Ia menyebutkan bahwa pada Senin (9/3/2026)

Pihaknya berencana mengirimkan surat resmi kepada pihak terkait guna meminta klarifikasi mengenai perizinan bangunan tersebut.

“Dari informasi yang kami ketahui, bangunan itu diduga tidak memiliki izin. Bahkan untuk bangunan hotel yang ada di lokasi tersebut juga tidak terdaftar izinnya,” ujar Bambang.
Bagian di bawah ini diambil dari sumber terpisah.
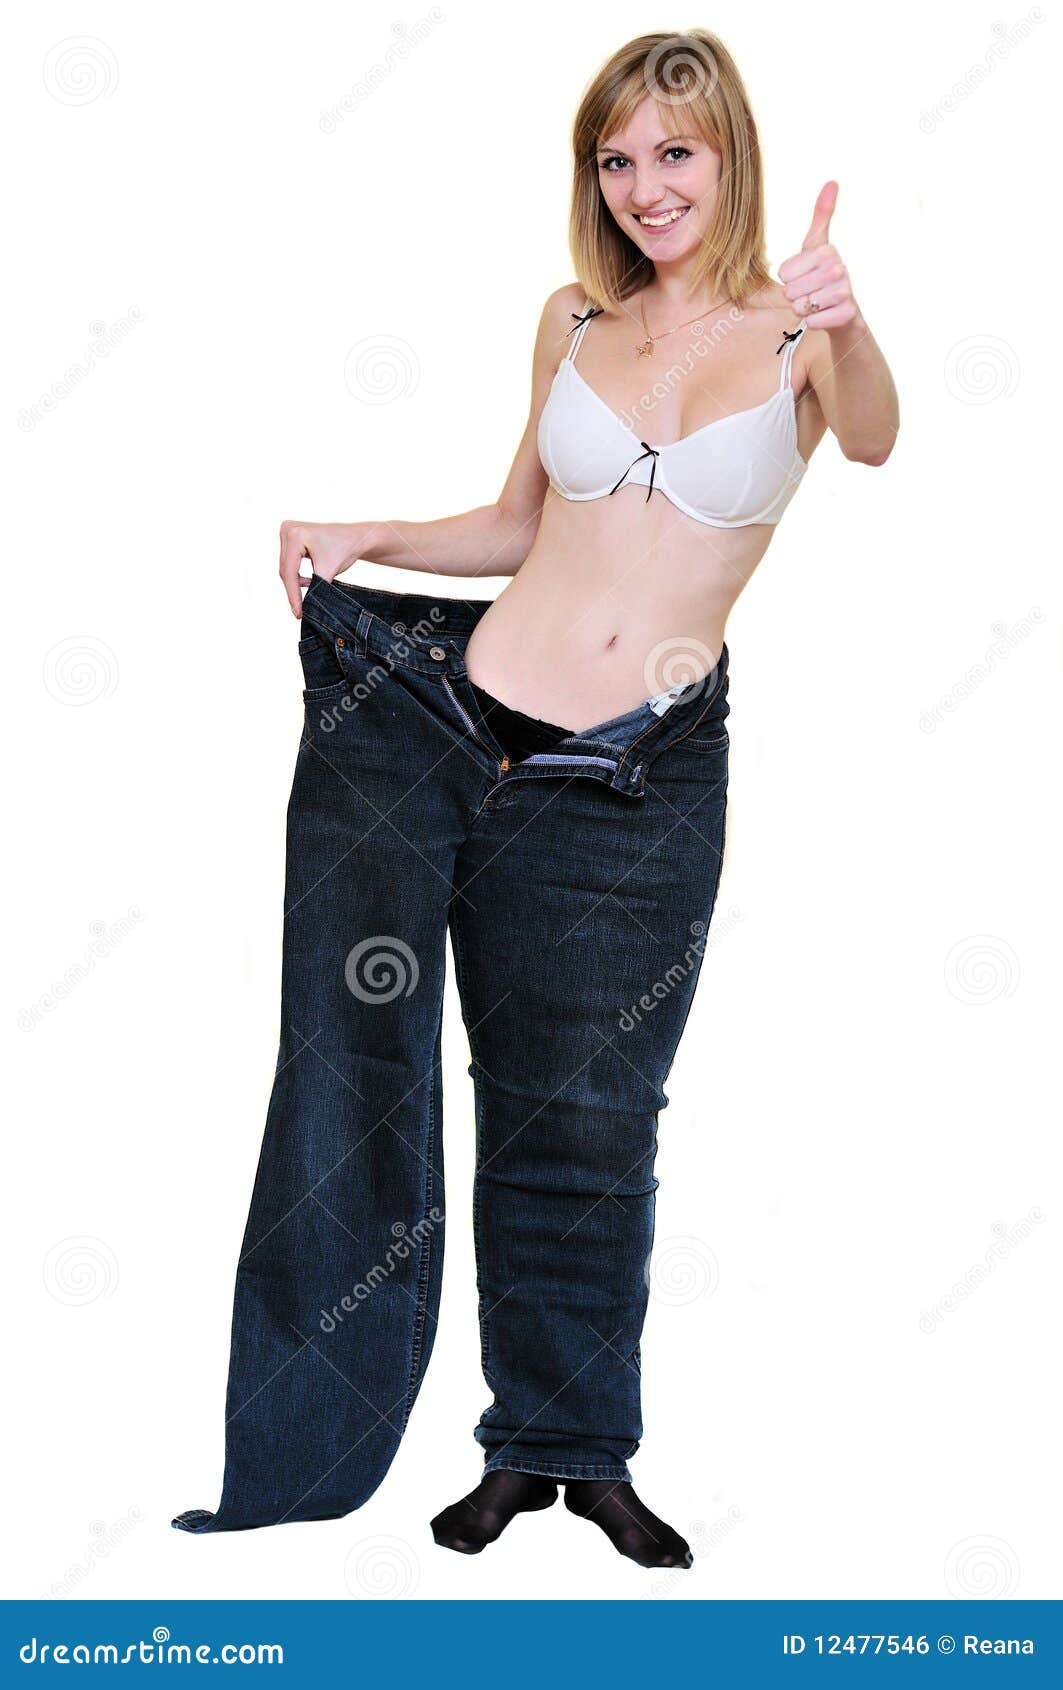 5,143 Girl Hot Pants Stock Photos

Ia juga mengungkapkan bahwa sebelumnya pihak yang bersangkutan pernah datang ke kantor DPMPTSP untuk mengurus perizinan, namun proses tersebut tidak berjalan sebagaimana mestinya.

Sebelumnya, Asisten II Sekretariat Daerah Kabupaten Batu Bara, H. Rusian Heri, juga telah menegaskan bahwa pembangunan di lokasi tersebut tidak boleh dilanjutkan sebelum seluruh persyaratan administrasi dan perizinan dipenuhi.
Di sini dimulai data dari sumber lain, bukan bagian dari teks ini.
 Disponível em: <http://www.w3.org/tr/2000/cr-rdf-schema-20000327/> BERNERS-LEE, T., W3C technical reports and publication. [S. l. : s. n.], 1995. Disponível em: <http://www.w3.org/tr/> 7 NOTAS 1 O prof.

Menurutnya, pemerintah daerah telah menyerahkan penanganan persoalan tersebut kepada pihak kecamatan dan kelurahan untuk ditindaklanjuti, khususnya terkait pengelolaan yang berkaitan dengan UMKM.

“Pada prinsipnya pembangunan tidak boleh dilanjutkan sebelum seluruh persyaratan dipenuhi,” tegas Rusian Heri.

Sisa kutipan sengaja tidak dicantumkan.